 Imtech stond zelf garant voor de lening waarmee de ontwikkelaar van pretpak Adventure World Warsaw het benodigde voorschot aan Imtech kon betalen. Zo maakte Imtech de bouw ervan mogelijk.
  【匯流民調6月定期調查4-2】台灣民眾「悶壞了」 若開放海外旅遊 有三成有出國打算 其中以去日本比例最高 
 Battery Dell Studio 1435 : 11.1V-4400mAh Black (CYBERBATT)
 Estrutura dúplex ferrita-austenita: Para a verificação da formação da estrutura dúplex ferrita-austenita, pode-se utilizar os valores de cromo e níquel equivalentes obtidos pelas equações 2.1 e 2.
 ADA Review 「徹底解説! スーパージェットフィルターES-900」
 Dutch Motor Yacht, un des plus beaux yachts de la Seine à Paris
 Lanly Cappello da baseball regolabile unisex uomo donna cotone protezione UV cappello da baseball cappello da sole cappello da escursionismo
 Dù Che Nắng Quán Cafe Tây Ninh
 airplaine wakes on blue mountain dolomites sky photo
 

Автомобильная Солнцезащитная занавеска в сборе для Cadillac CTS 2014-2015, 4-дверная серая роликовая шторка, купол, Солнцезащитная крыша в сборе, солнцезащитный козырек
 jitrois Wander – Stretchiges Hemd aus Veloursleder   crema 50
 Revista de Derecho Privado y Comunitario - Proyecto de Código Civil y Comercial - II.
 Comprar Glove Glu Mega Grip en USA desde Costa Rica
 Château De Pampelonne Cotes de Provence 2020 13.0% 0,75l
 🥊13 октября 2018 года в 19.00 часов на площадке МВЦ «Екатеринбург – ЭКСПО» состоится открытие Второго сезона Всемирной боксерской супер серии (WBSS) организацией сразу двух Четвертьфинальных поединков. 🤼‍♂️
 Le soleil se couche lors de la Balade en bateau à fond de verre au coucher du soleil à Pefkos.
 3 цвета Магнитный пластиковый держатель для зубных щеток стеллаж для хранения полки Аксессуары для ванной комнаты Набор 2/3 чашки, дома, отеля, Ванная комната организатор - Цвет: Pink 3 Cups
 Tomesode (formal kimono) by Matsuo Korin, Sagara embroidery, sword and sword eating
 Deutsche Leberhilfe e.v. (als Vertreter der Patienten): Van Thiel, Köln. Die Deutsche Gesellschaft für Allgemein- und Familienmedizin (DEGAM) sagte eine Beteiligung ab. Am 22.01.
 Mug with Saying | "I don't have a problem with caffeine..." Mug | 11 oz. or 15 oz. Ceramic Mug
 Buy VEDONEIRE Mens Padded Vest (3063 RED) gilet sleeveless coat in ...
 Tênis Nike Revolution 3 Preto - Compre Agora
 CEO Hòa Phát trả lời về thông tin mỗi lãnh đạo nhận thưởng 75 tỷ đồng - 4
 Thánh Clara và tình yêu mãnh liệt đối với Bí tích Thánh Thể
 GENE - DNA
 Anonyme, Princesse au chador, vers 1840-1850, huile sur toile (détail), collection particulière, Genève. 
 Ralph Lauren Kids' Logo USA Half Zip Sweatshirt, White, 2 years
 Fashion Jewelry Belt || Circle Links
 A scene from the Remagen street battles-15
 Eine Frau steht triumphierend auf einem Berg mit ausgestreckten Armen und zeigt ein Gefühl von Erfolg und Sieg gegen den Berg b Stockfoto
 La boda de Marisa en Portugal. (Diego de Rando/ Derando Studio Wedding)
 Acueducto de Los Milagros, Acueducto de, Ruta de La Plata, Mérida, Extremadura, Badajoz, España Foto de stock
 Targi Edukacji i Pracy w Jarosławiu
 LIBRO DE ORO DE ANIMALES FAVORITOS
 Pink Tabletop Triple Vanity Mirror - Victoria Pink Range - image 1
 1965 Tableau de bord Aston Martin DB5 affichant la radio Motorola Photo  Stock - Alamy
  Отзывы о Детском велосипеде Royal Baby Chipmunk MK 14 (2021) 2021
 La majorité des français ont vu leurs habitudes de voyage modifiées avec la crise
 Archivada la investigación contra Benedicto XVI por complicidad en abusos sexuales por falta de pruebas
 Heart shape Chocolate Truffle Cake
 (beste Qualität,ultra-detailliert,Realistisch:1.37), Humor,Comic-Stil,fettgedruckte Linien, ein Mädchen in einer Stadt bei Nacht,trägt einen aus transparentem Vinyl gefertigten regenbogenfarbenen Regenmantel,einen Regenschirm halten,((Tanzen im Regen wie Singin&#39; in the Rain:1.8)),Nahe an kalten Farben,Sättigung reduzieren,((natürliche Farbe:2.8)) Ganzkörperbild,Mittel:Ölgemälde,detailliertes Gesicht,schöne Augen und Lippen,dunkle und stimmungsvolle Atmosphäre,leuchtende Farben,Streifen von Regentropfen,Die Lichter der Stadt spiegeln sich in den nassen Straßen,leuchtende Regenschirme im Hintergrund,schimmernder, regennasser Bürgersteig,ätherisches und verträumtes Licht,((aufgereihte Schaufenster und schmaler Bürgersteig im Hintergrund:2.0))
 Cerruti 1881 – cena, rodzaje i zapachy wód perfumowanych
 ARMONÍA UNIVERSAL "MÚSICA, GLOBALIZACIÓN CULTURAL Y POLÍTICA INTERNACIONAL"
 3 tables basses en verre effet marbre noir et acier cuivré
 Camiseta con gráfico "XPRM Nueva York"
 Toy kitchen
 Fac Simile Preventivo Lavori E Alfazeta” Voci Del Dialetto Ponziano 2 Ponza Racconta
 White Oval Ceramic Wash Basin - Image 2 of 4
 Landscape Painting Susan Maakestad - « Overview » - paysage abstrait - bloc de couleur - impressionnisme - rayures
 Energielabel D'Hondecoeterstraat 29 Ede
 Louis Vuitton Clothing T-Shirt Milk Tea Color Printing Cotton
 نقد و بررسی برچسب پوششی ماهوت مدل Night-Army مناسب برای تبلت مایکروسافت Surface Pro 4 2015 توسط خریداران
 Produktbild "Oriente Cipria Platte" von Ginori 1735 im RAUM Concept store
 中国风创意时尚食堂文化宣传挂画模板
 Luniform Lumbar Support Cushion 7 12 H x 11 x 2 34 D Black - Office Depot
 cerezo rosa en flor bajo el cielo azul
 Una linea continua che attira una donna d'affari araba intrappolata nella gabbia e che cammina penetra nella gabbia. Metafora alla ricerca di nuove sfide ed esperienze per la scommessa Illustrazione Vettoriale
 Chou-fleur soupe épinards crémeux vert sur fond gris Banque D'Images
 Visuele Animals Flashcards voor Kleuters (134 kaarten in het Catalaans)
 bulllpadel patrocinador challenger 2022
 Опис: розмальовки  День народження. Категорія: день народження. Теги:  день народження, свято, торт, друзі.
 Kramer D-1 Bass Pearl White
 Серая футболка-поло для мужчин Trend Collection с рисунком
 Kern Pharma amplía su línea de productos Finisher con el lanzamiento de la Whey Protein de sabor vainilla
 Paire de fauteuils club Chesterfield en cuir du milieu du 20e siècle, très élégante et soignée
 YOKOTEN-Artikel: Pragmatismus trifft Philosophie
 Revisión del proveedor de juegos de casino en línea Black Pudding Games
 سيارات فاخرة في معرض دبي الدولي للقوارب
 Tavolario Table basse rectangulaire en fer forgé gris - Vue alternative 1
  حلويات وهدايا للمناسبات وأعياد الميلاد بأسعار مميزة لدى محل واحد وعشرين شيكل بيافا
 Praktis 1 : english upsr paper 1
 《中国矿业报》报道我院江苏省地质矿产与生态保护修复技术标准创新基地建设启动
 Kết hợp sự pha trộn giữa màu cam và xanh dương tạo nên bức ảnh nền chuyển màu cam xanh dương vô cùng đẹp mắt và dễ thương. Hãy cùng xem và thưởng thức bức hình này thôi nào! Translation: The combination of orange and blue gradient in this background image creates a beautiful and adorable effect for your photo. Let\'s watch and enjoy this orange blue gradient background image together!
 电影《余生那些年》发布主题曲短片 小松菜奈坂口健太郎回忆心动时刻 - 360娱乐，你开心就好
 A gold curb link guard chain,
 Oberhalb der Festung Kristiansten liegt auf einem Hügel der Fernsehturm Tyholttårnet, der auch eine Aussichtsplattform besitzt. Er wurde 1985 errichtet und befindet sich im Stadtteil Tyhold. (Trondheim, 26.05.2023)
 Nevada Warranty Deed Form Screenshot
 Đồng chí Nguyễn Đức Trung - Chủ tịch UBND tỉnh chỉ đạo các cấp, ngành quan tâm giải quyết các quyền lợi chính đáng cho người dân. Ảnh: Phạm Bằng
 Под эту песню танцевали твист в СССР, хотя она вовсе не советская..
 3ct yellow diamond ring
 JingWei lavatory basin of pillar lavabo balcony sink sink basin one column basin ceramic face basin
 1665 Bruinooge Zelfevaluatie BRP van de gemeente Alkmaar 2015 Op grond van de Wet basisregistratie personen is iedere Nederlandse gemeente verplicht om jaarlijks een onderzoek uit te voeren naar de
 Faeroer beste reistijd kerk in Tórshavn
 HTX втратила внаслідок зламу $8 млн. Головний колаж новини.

◆ YOUR ASSIGNMENT
From the entries, find how many lines contain "fond" and give the number alone.

◆ RESULT OF THIS TASK
2